I’m sitting here at this dinner table bored out of my skull. Scratch that i’m mad. Very mad. I’m mad at my friends for thinking it is their civic duty to set me up on these dates. Why is the fact that i’m the only single one among them so much of a big deal? I’m mad at guys. They just seem so scarce these days. All the good ones seem to be taken. Did i miss the bus? I am mostly mad at myself though. I keep agreeing to these stupid dates with these stupid men. Why do I go in thinking this one is going to be different?

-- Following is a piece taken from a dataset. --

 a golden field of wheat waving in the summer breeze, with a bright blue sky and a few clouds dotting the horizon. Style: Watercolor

There’s no need sugarcoating it. This Chidi guy is a glutton. Not only that, he’s a manner-less talkative. i’m pretty sure I’ve only said five sentences throughout this dinner date. Chidi on the other hand has given me his entire biography including the number of scars he has on his body and the number of girls he has slept with. He also eats with his mouth open. I can see the wonders going on inside his mouth as his teeth and tongue make contact with his steak. I’m pretty sure bits of food have been spat at me several times. He also doesn’t exhale. Not like I blame him. I fear that if he does, his food will leave with the carbon dioxide.

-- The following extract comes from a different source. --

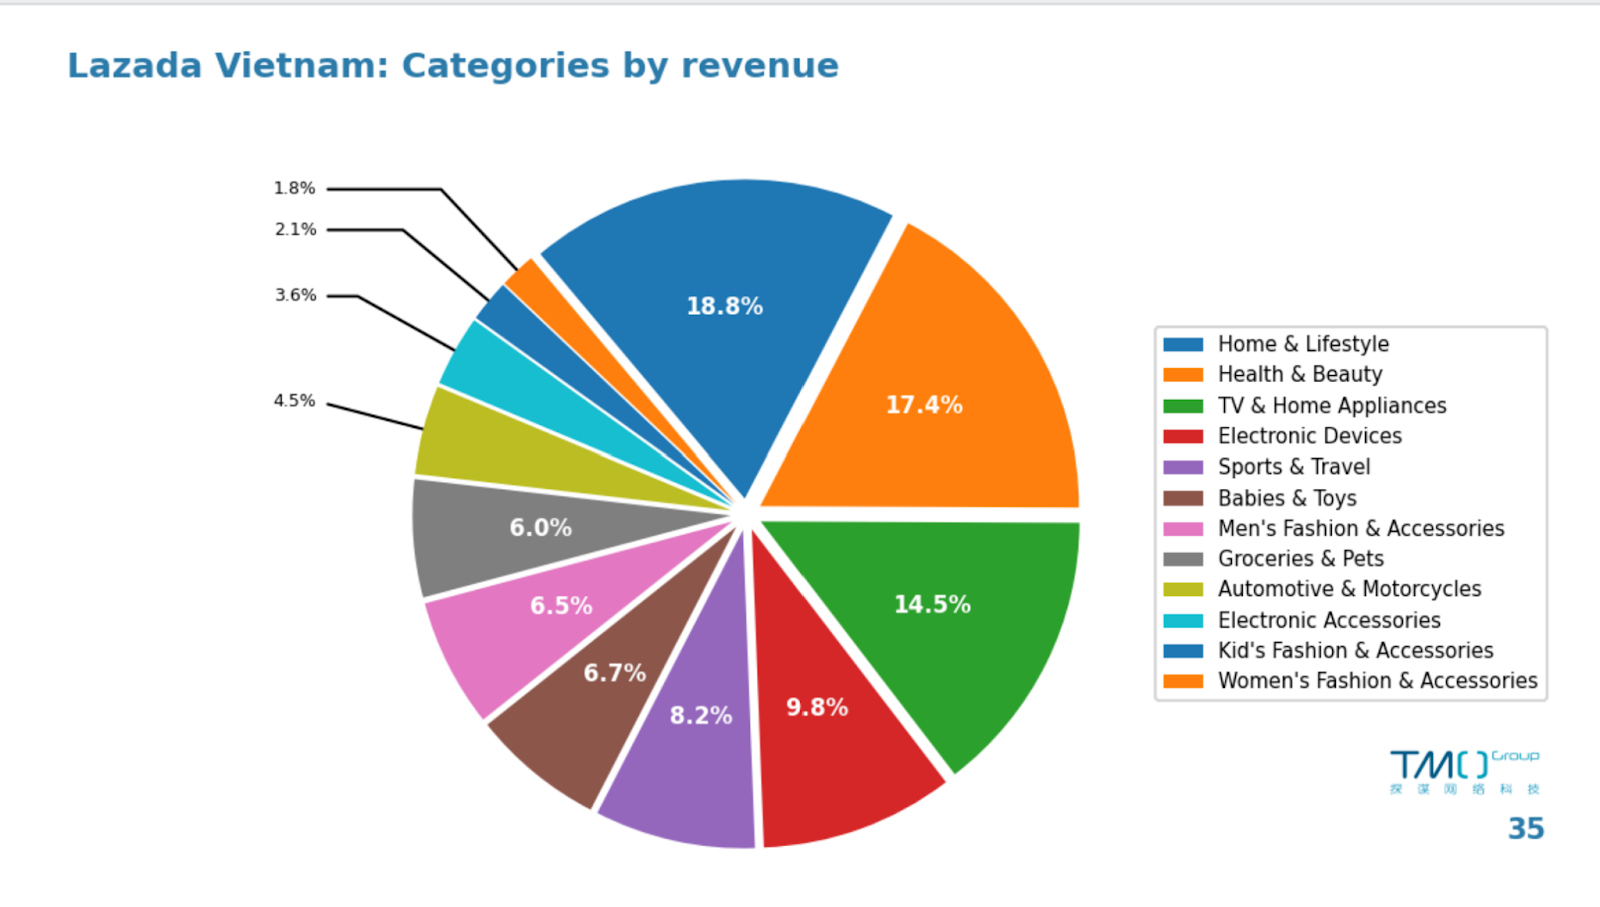 Lazada categories by revenue (Source: TMA group)

I’m going to send a strong text to the girls they cant keep doing this. Setting me up on dates with the friends of they boyfriends. How is Ebuka friends with this Chidi boy though? They are polar opposites. My friends keep telling me my standards are too high. That I’m expecting a man with the body structure of Chris Hemsworth and the manners of Benedict Cumberbatch. I just want a love like that of my parents.

You see my parents have been married for twenty five years and my dad still finds a way of making my mum blush. It’s in the little things. The way he looks at her when she walks into the room. Like she is the only one that matters. The way he took care of us when she had to be away because of her job and never uttered a word of complaint. The way he surprises her by fixing her dinner on Sundays when she is too tired from church and sleeps off. The way he laughs at her jokes no matter how dry they are to my sister and I.

I want a man like my father. Strong and ambitious. A man who is open to new ideas. Who is ready to try new things. Who has absolute faith in me like my father had in my mum when she decided to leave her medical career and pursue her first love, writing. I want a man who is wise like my father. Who knows how to handle situations with his mouth and not his fists. Who doesn’t let his emotion becloud his judgement. I want a man who is honest like my father. Who wants to share every single detail about himself with me as I will like to do with him. Who is ready to deal with my sharp tongue and annoying tendencies. Who is ready to push me till i reach my full potential like I will do for him. I want a man who is hardworking like my father. Ready to sweat and toil for his family to be comfortable. Who is ready to fight for me like my father did when she said she was tired of the marriage and wanted a divorce. I remember like it was yesterday. The way he smiled and told my mother she couldn’t leave because leaving will mean taking his soul along with her and he wouldn’t allow her to that.

I look forward to our skype call  later tonight. I look forward to my mother’s smile when he calls her “OO.” To my father throwing his head back and laughing heartily when she cracks one of her jokes. With them I see that being deeply loved by someone gives you strength while loving someone deeply gives you courage.